TRPC6 is an important member of the TRPC channels of the transient receptor potential (TRP) superfamily expressed in the lungs and PASMCs [
33]. A SNP in the promoter region of
TRPC6 has been demonstrated to increase the risk of IPAH by recruiting NF-κB [
34].
Furthermore, we performed SNP association and gene-level analyses in 25 PPHN/PAH-disease related genes among 74 late preterm and term PPHN cases and 115 controls with matched clinical characteristics to further investigate the genetic etiology of PPHN. We identified 3 SNPs in
CPS1 and 1 SNP in
NOTCH3 associated with PPHN. The
CPS1 SNPs rs192759073 and rs2229589 are synonymous variants, and rs1047883 is a missense variant. The heterozygous rs192759073 T allele was identified in 3 female PPHN patients and none of the controls. For rs1047883 and rs2229589, homozygous SNPs were found in 19 PPHN cases and 20 controls and heterozygous SNPs were found in 41 PPHN cases and 58 controls. The synonymous SNP rs1044008 in
NOTCH3 was detected in three PPHN patients (heterozygous). These SNPs are reported to be associated with PPHN for the first time in this study.

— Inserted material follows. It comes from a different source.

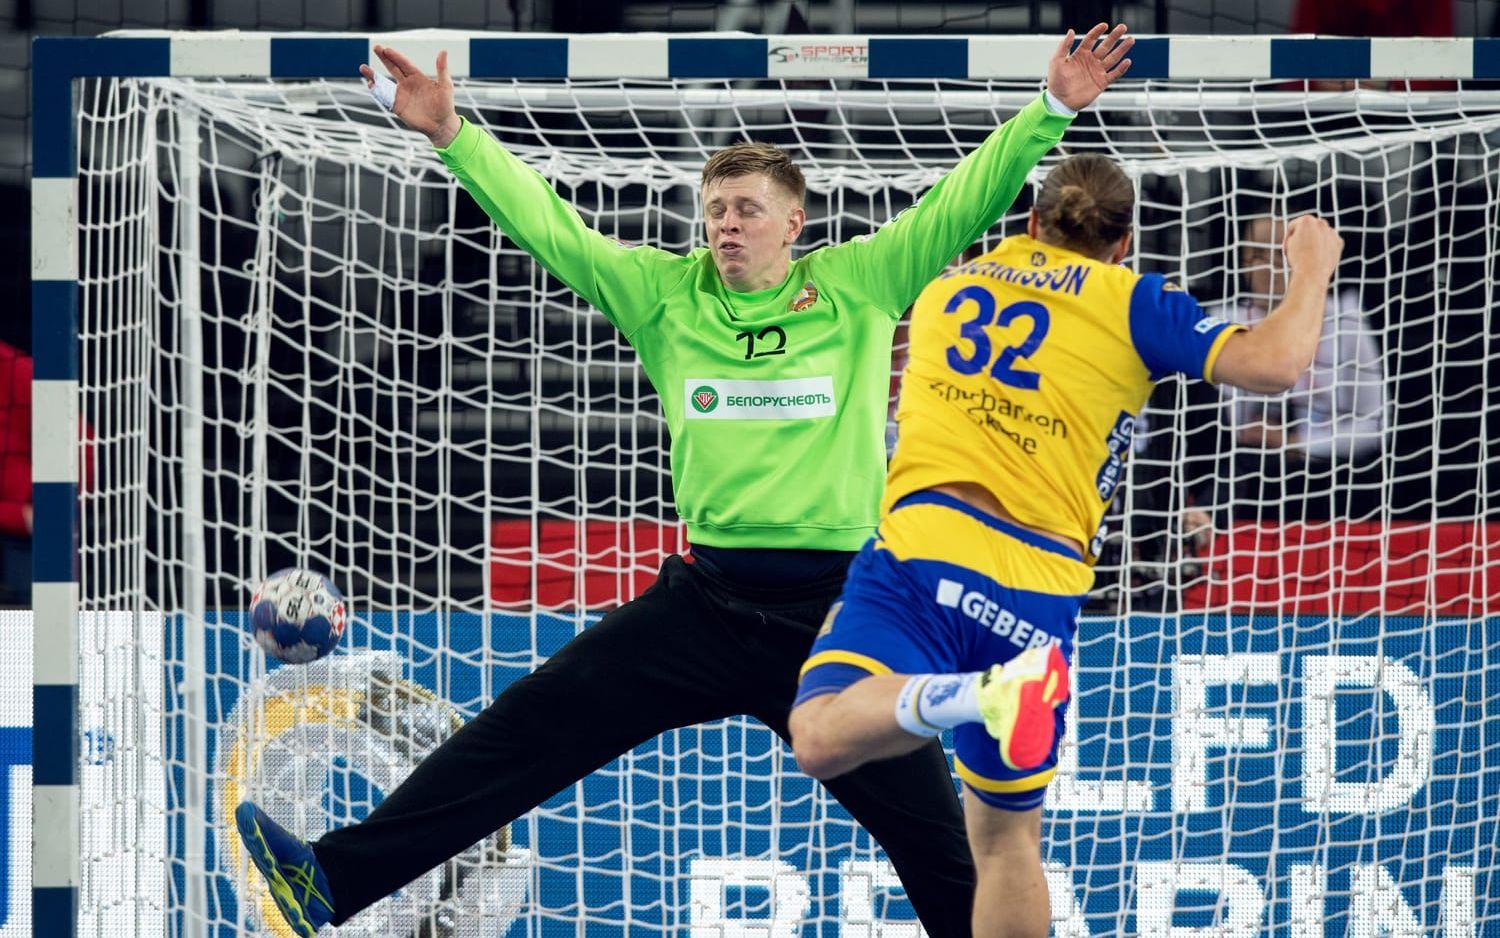 Sveriges hopp om en EM-semifinal lever i allra högsta grad efter att Blågult krossat Vitryssland. 
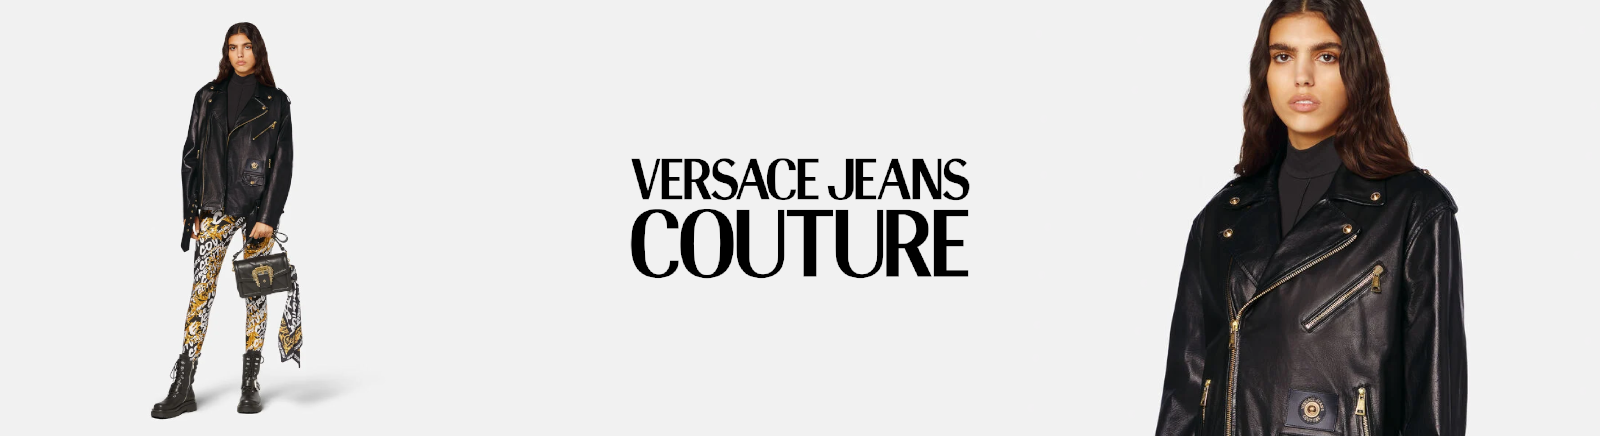 Versace Jeans Couture Herrenschuhe online bestellen bei Prange

CPS1 (carbamoyl phosphate synthase 1) encodes one of the key enzymes located in mitochondria involved in the urea cycle. A functional deficiency in the CPS1 enzyme can affect the catalysis of the first step of the urea cycle and the generation of nitric oxide, which plays a critical role in regulating pulmonary vascular resistance [
35]. Sixteen polymorphisms, including three in coding regions (rs1047891, rs2287599 and rs41272667) of
CPS1 [
3,
36], have been reported to be associated with PPHN. However, rs1047891 and rs2287599 were not significant in our cohort, and rs41272667 (close to the noncoding region) was not included in our study. The reason for this difference may be that the genetic risk factors for PPHN differ in different ethnic populations.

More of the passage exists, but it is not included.